**ABOUT THIS TASK**: Output the listing below verbatim, without images.

**RECORDED INFORMATION**:
_ _ _ _ _ _ _
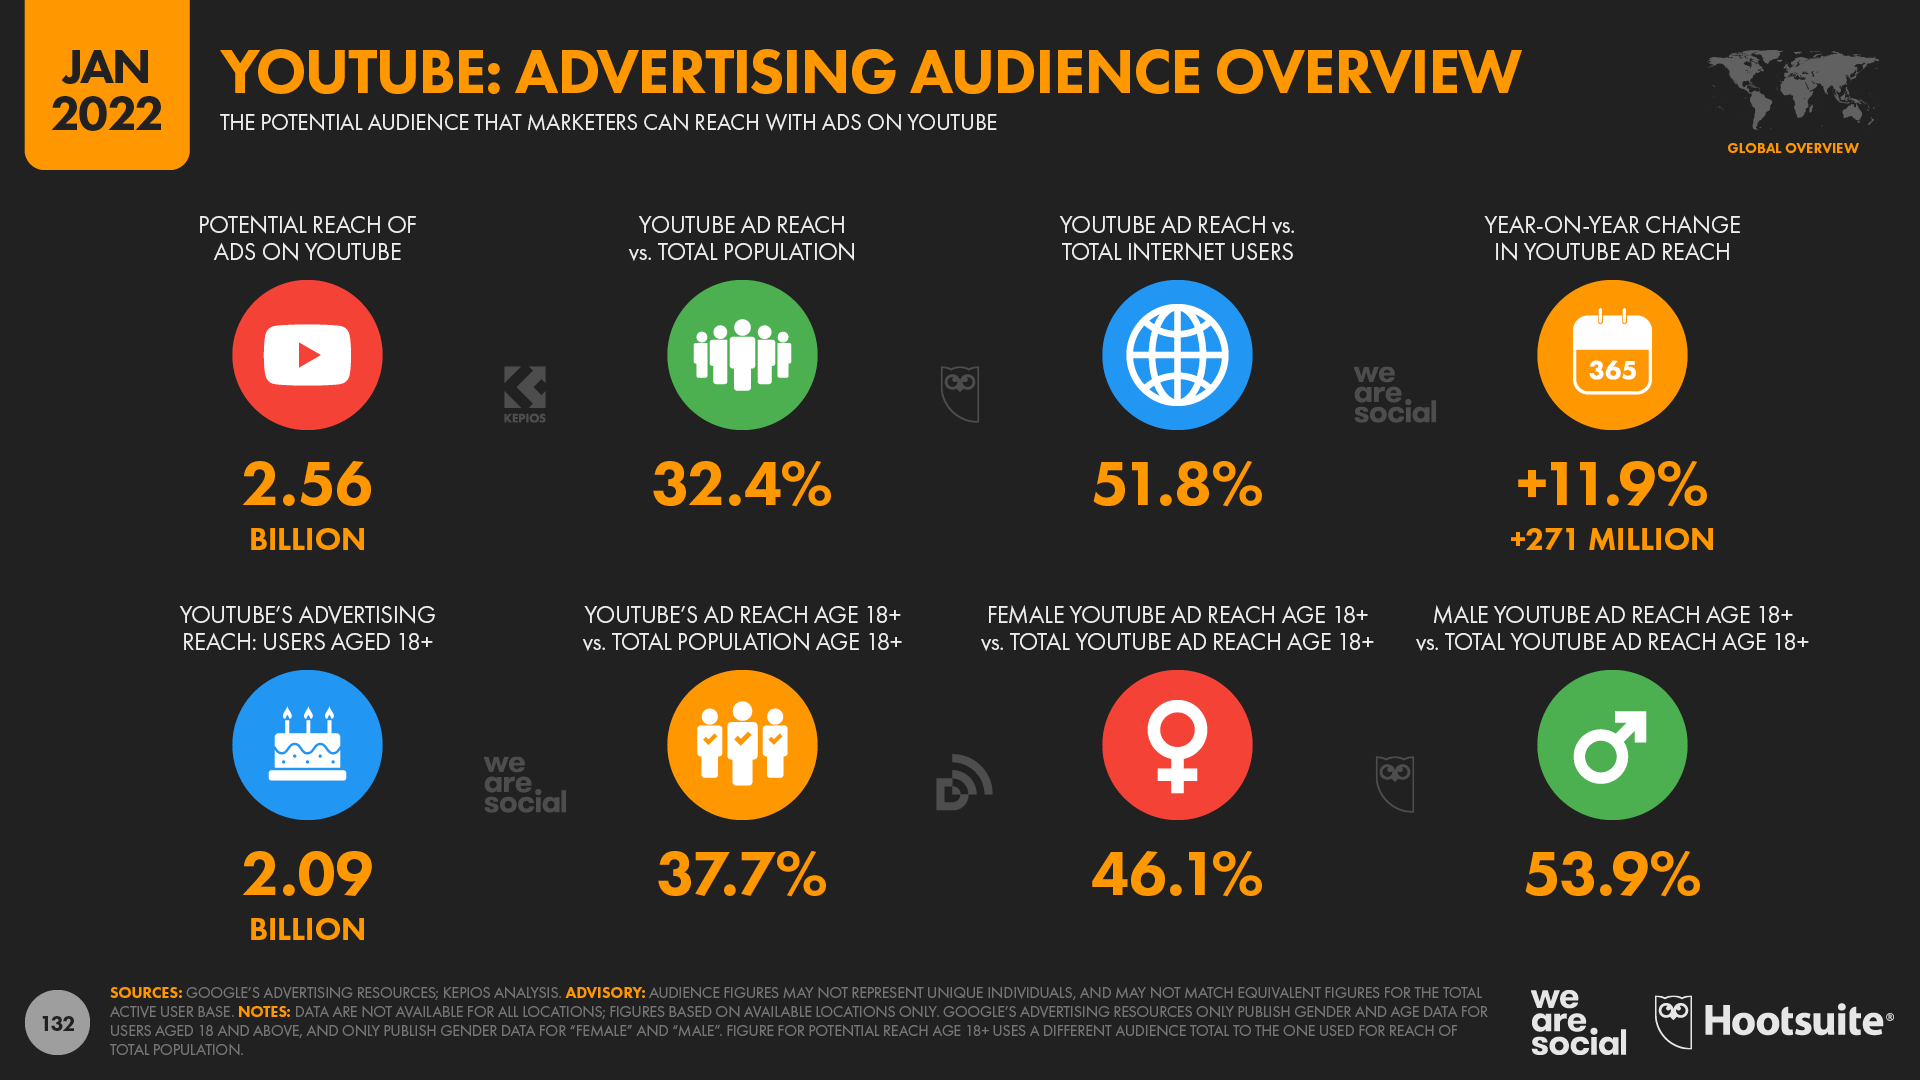 chart showing YouTube advertising audience overview
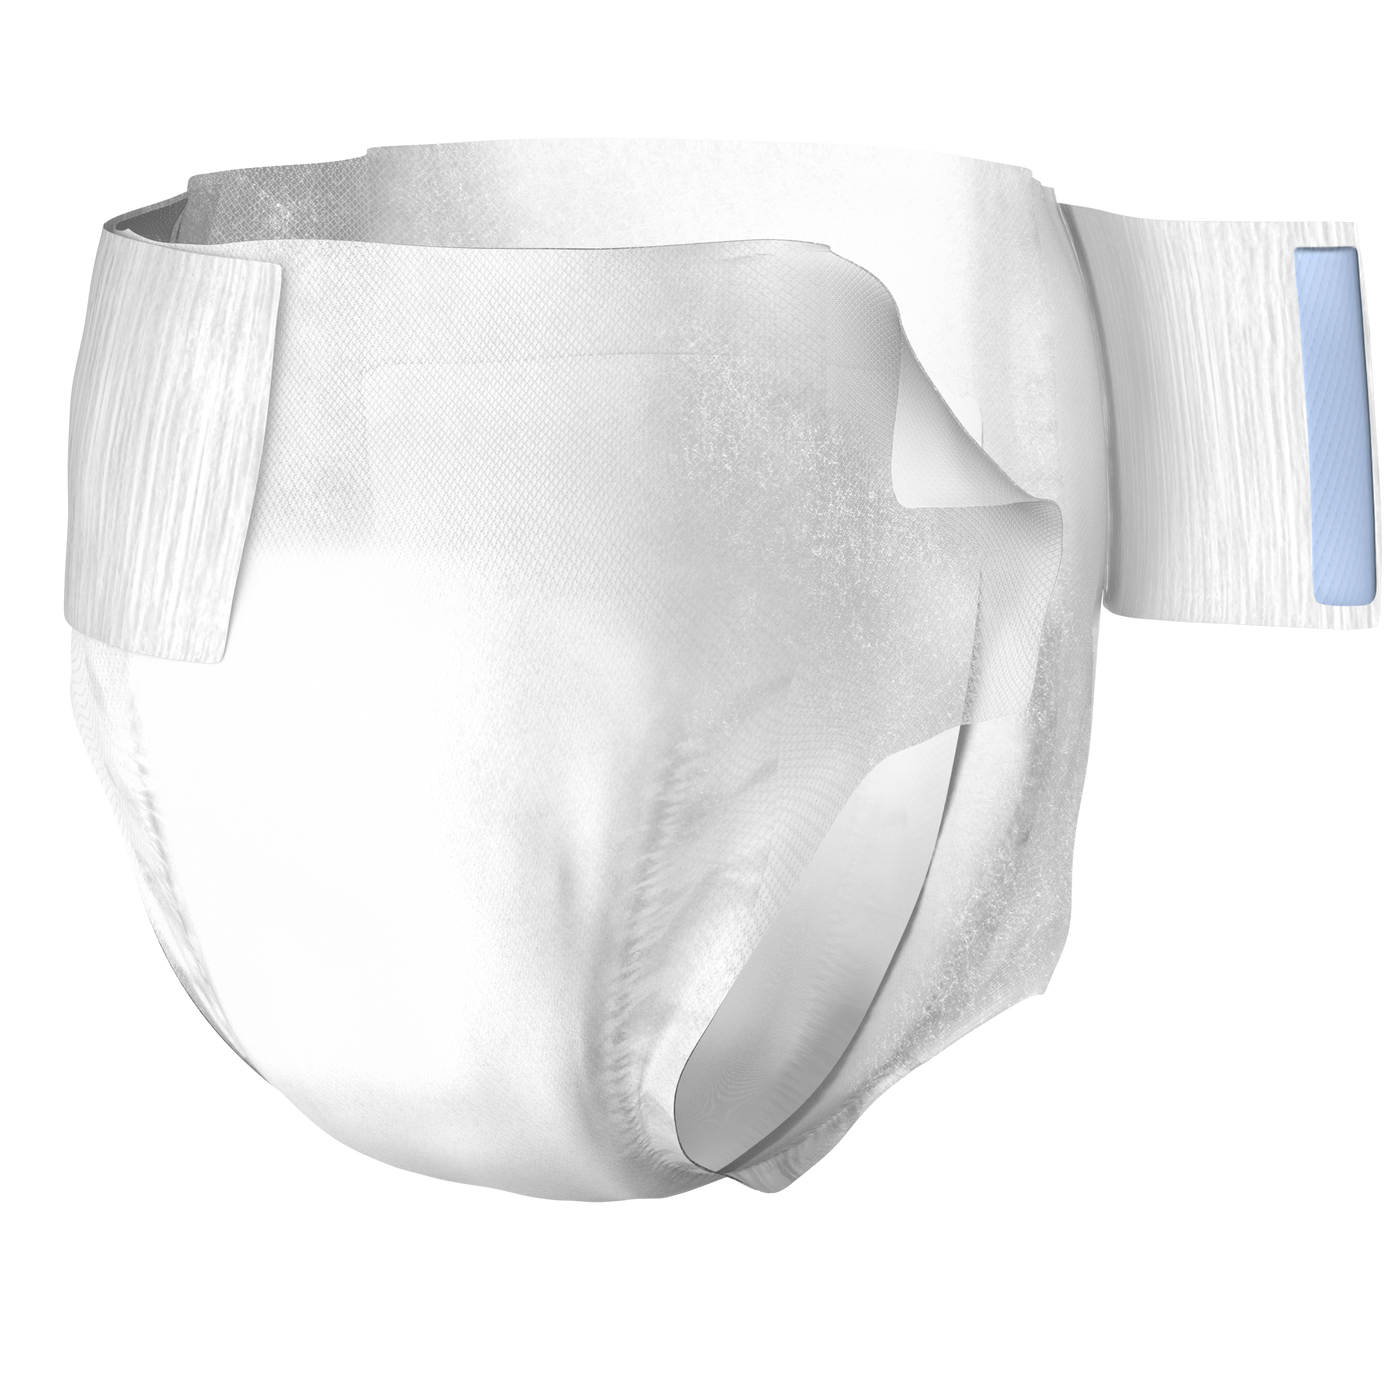 Prevail for Men Protective Underwear - Maximum Absorbency - White
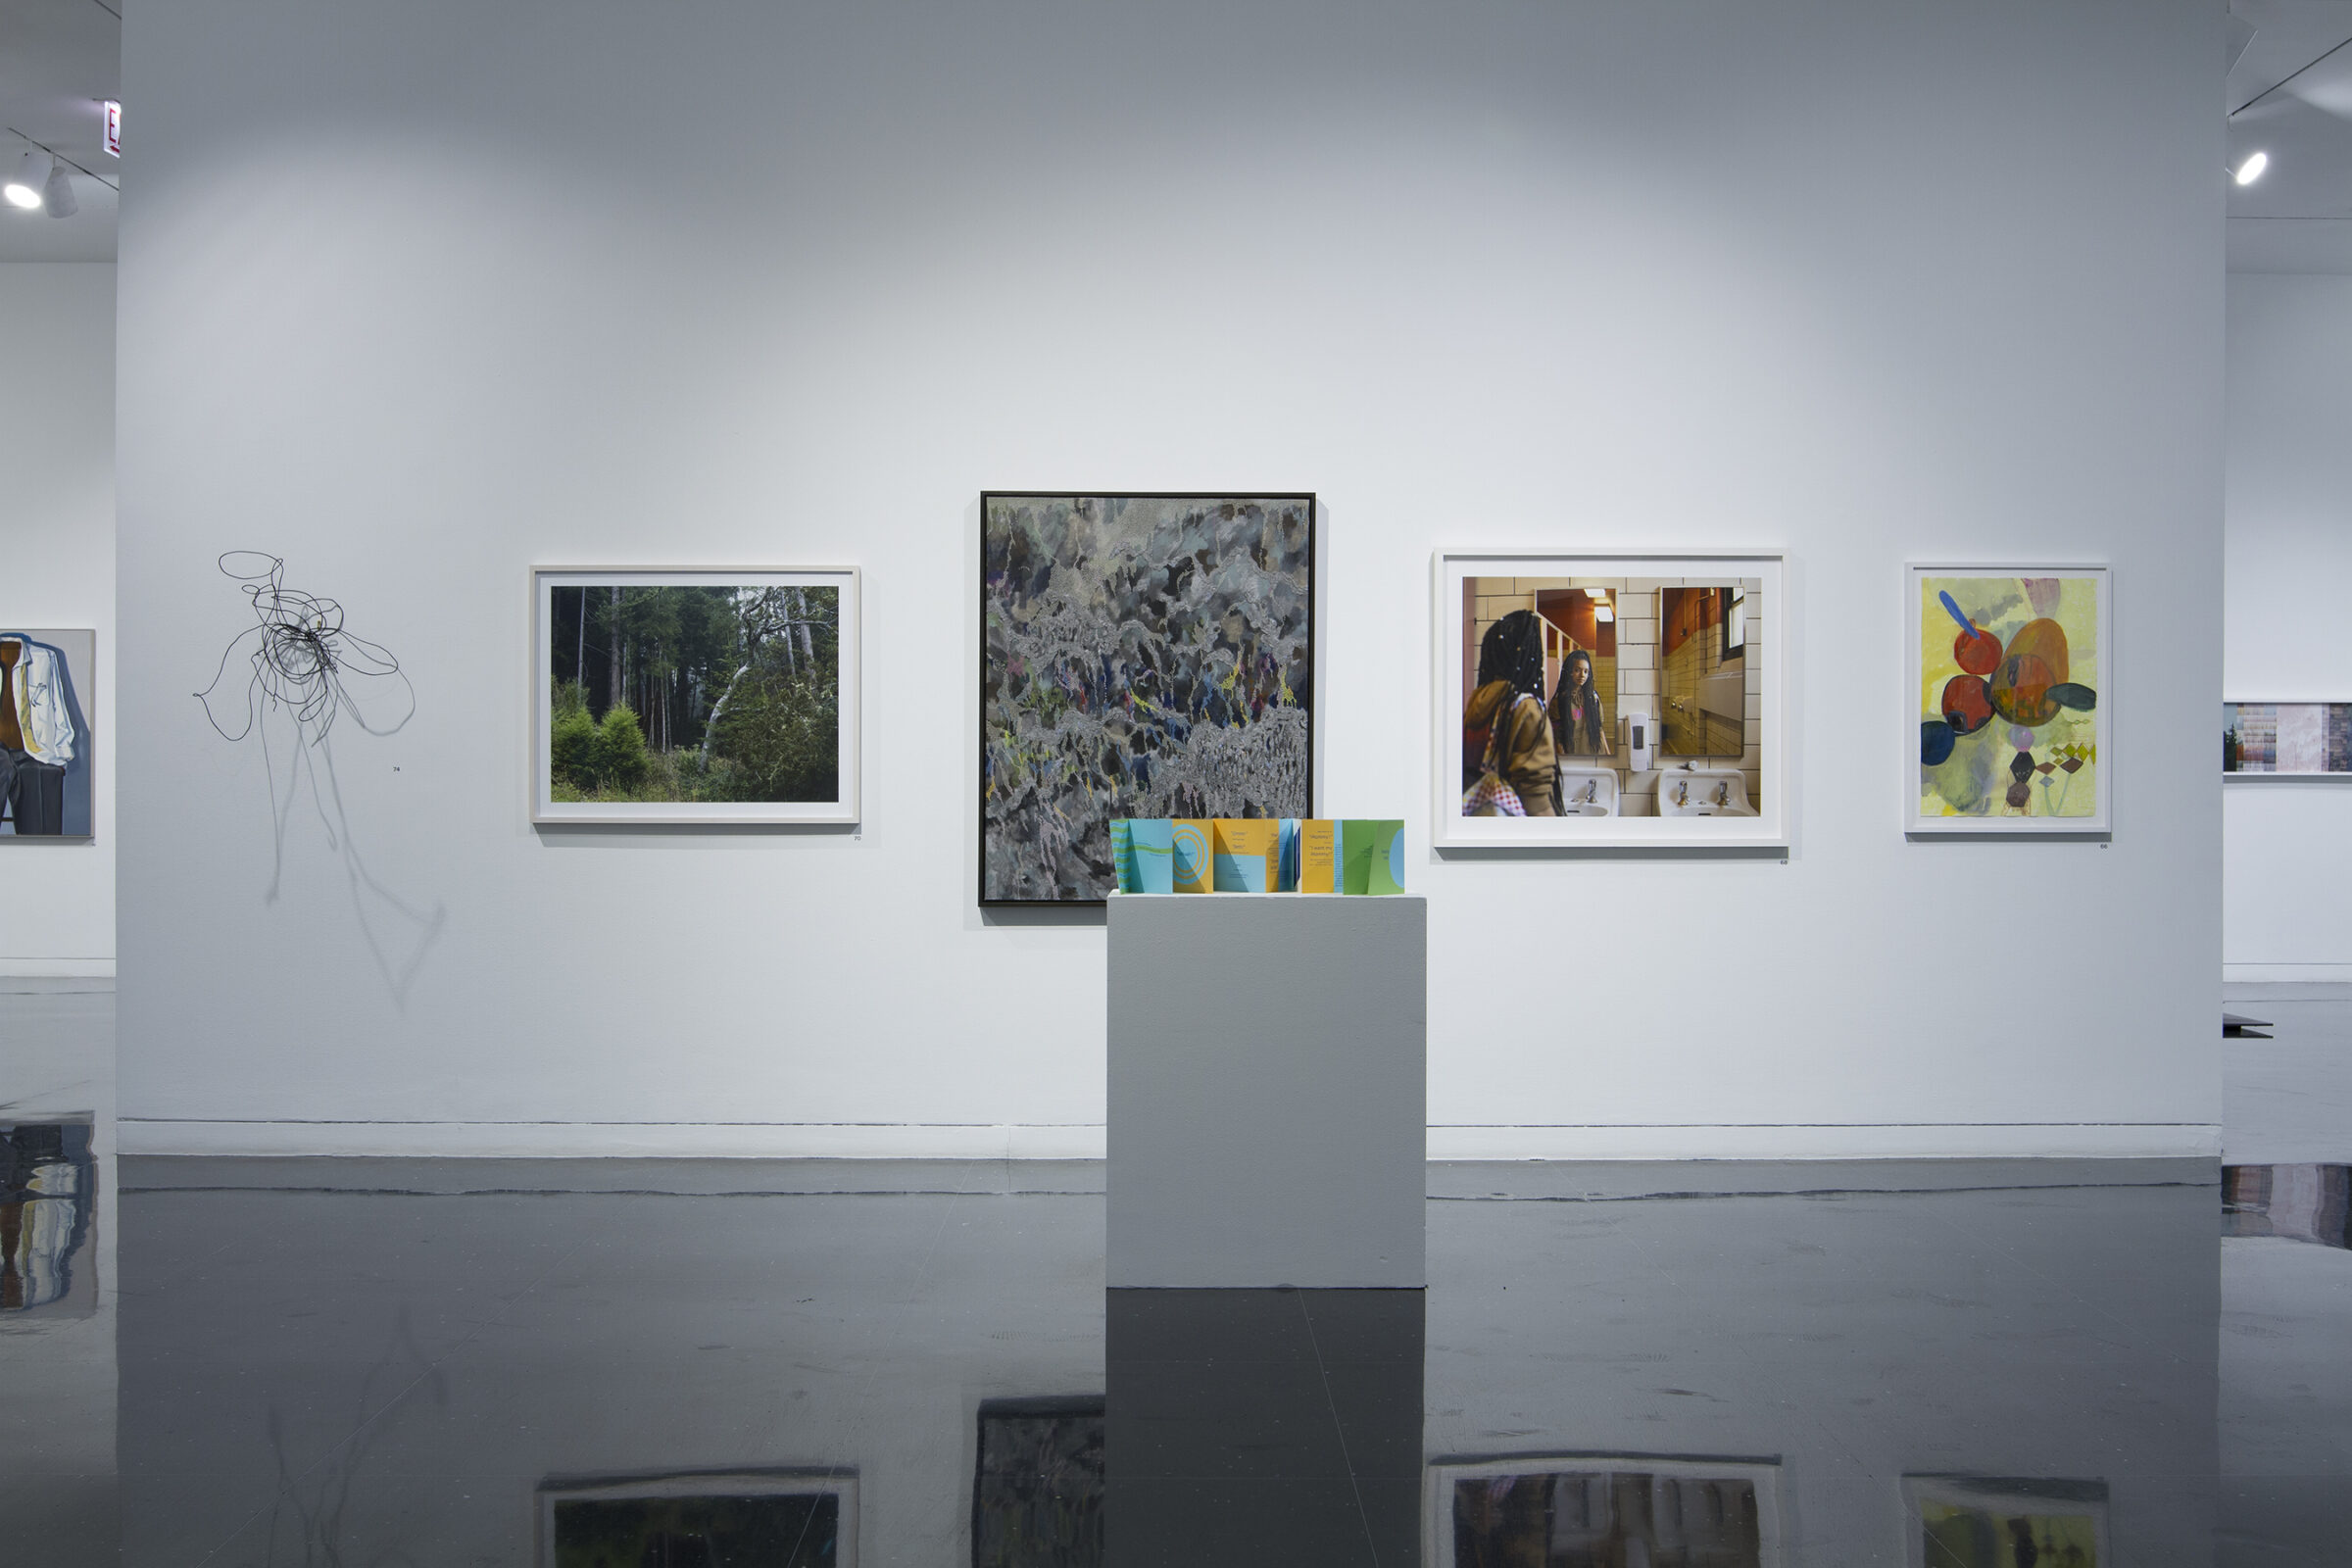 A white, freestanding gallery wall holds four framed artworks arranged horizontally and one abstract wire sculpture resembling a tangle or nest on the far left side. In front of the wall stands a paper, accordion-folded pamphlet printed on green, blue, and golden yellow paper.
_ _ _ _ _ _ _
**RESULT OF THE TASK**:
 chart showing YouTube advertising audience overview
 Prevail for Men Protective Underwear - Maximum Absorbency - White
 A white, freestanding gallery wall holds four framed artworks arranged horizontally and one abstract wire sculpture resembling a tangle or nest on the far left side. In front of the wall stands a paper, accordion-folded pamphlet printed on green, blue, and golden yellow paper.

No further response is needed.